• **What this task involves**
Transcribe exactly the lines below that begin at the line with "Crimson Clover, Trifolium" and stop after the line with "Bbl Shorts Colombia", leaving out every picture.

• **Records for processing**

╭──

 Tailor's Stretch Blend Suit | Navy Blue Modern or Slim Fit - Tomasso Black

╰──
╭──

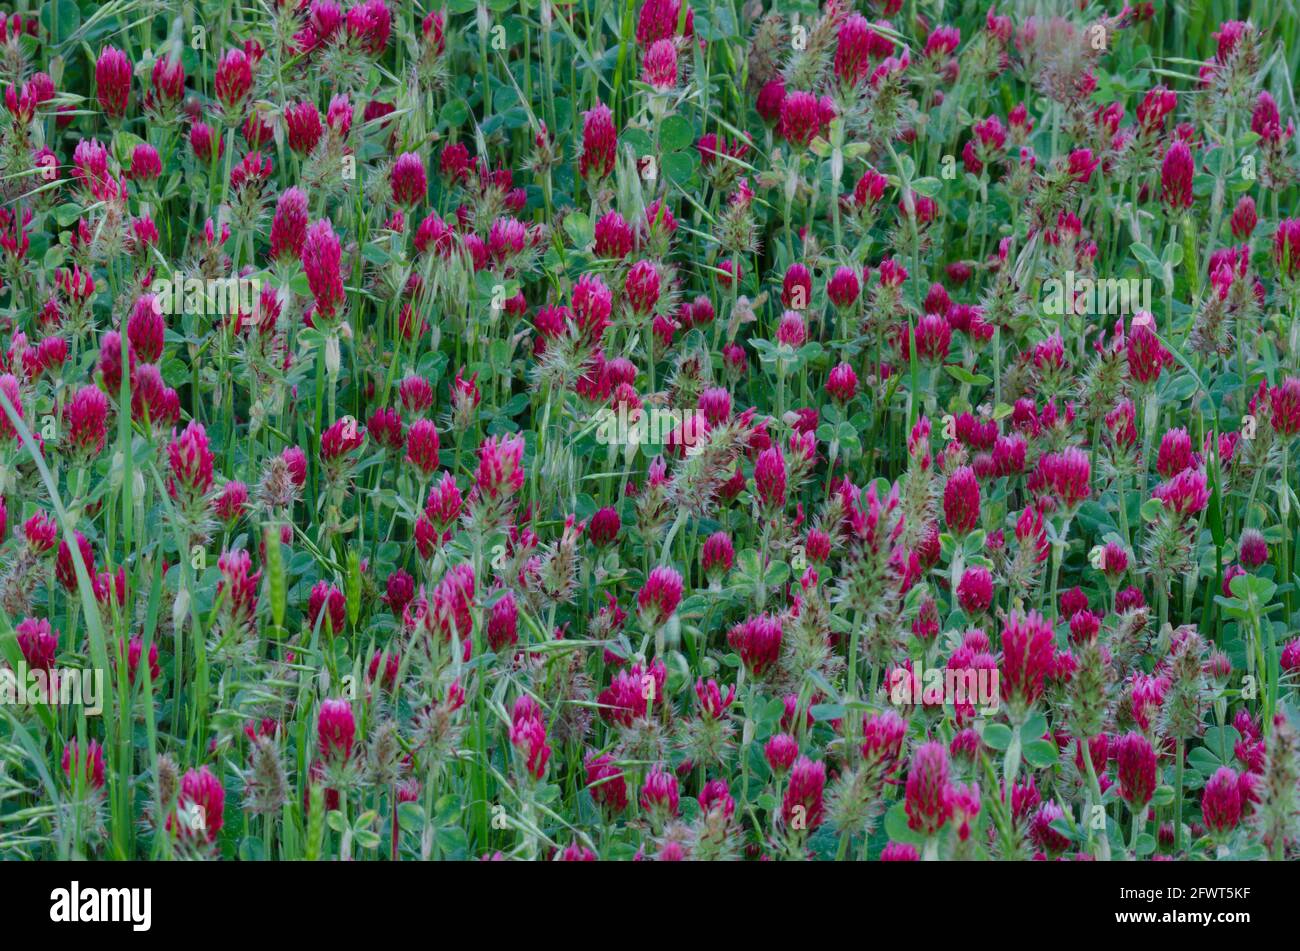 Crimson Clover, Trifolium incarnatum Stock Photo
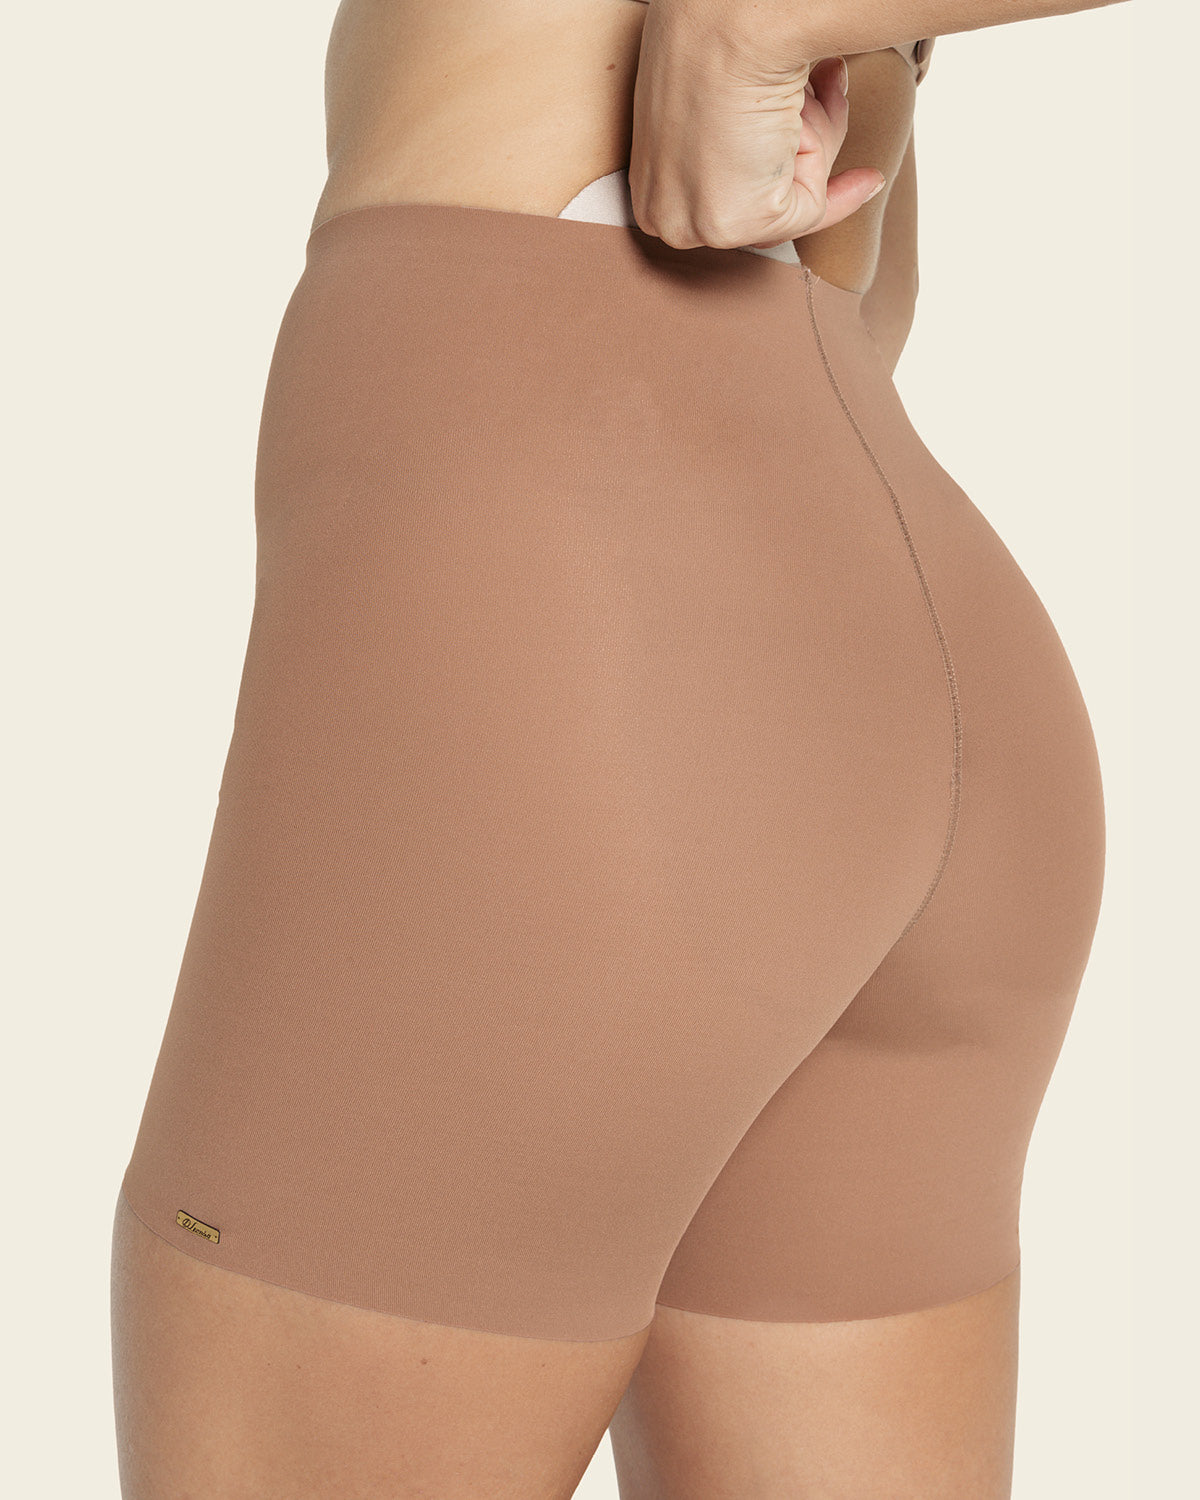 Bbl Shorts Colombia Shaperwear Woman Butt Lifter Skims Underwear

╰──
╭──

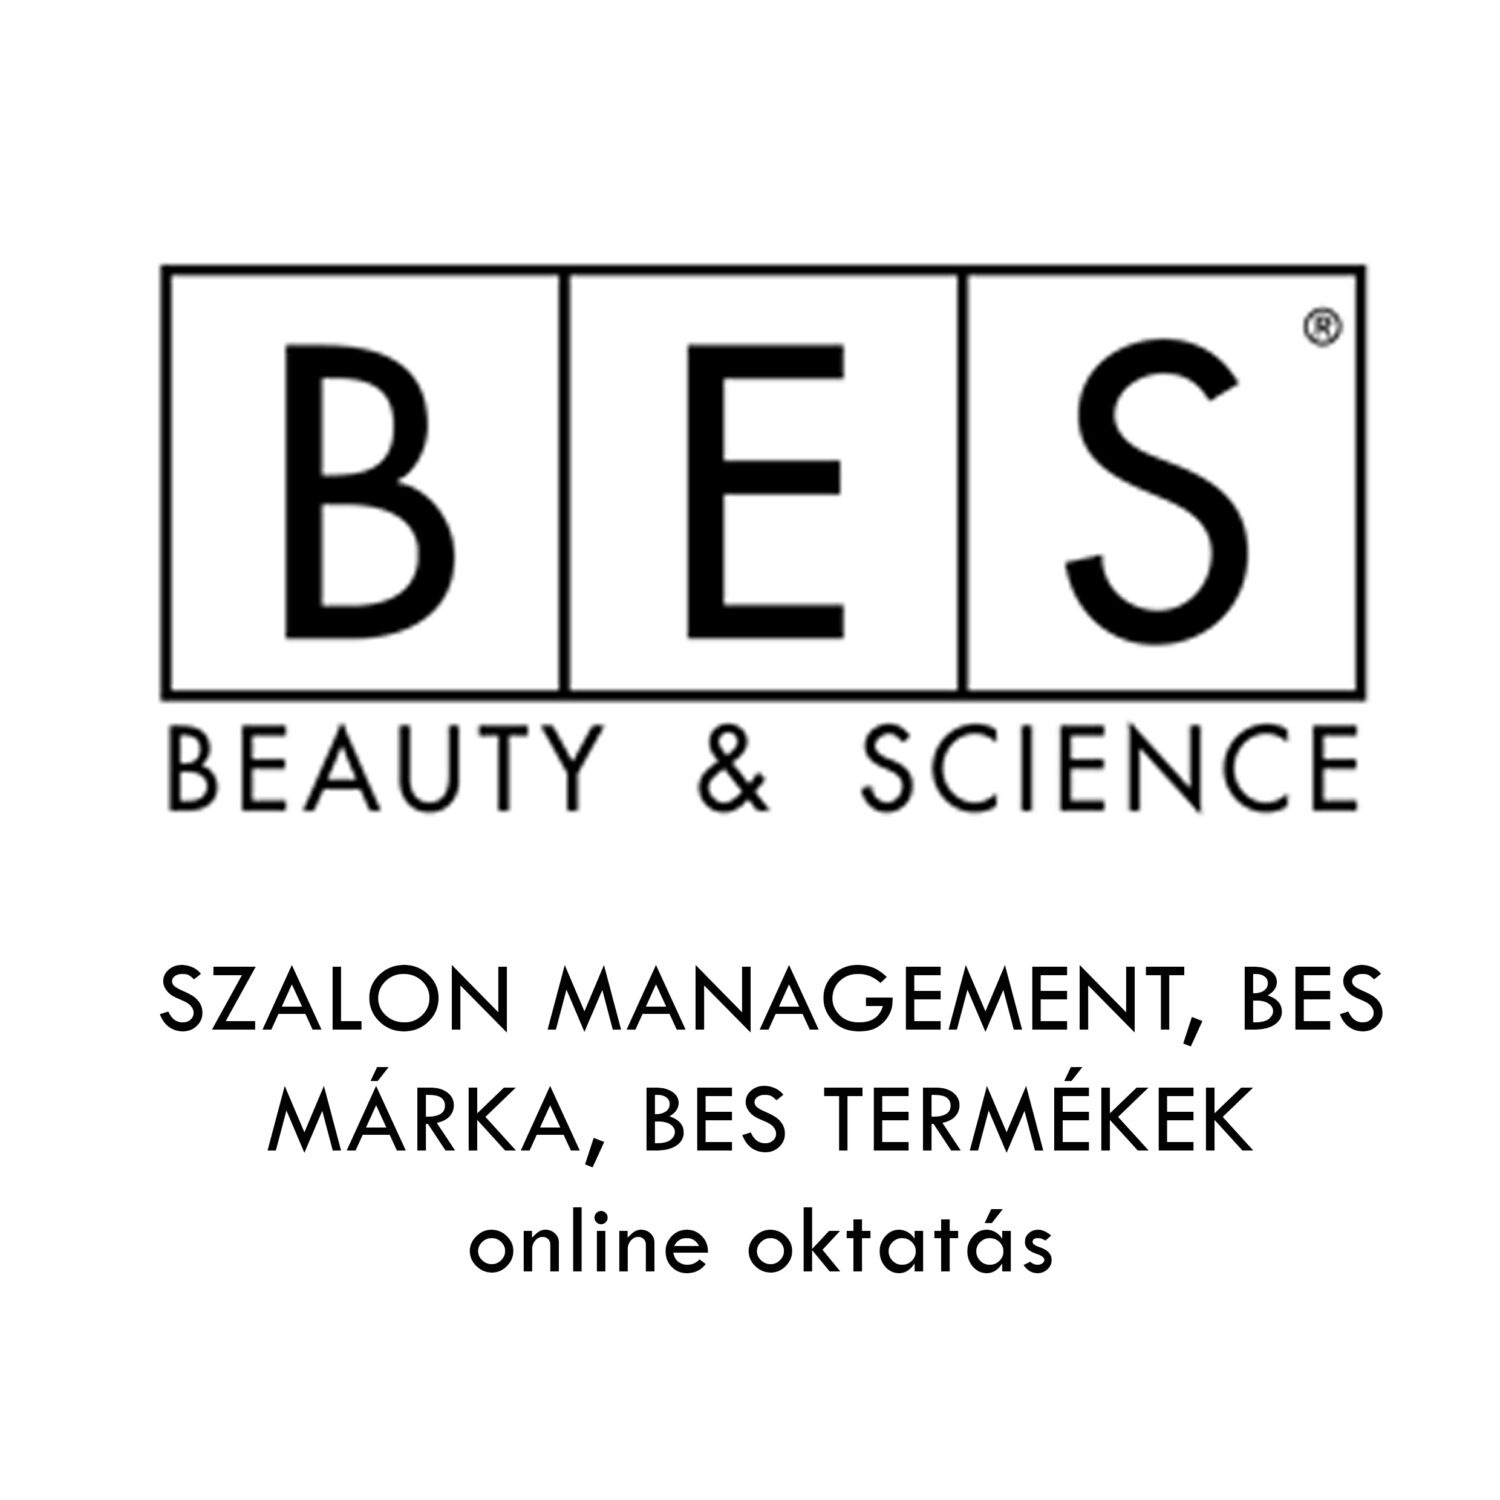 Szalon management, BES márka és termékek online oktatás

╰──

• **Exercise solution**
 Crimson Clover, Trifolium incarnatum Stock Photo
 Bbl Shorts Colombia Shaperwear Woman Butt Lifter Skims Underwear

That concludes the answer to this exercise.